§ Assignment
Word for word, set down every line of the entries below from the line with "Black-headed gull (Chroicocephalus" to the line with "EMPORIO ARMANI Sportoberteile", including both, and no other line.

*** Opening Data supplied ***

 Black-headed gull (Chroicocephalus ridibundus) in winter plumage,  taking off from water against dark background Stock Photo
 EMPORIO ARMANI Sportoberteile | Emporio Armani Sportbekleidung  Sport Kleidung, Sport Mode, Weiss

*** Closing Data supplied ***
*** Opening Data supplied ***

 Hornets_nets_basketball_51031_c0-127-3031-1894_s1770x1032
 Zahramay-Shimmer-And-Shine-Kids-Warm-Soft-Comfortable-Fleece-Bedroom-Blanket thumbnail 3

*** Closing Data supplied ***

§ Answer for the task
 Black-headed gull (Chroicocephalus ridibundus) in winter plumage,  taking off from water against dark background Stock Photo
 EMPORIO ARMANI Sportoberteile | Emporio Armani Sportbekleidung  Sport Kleidung, Sport Mode, Weiss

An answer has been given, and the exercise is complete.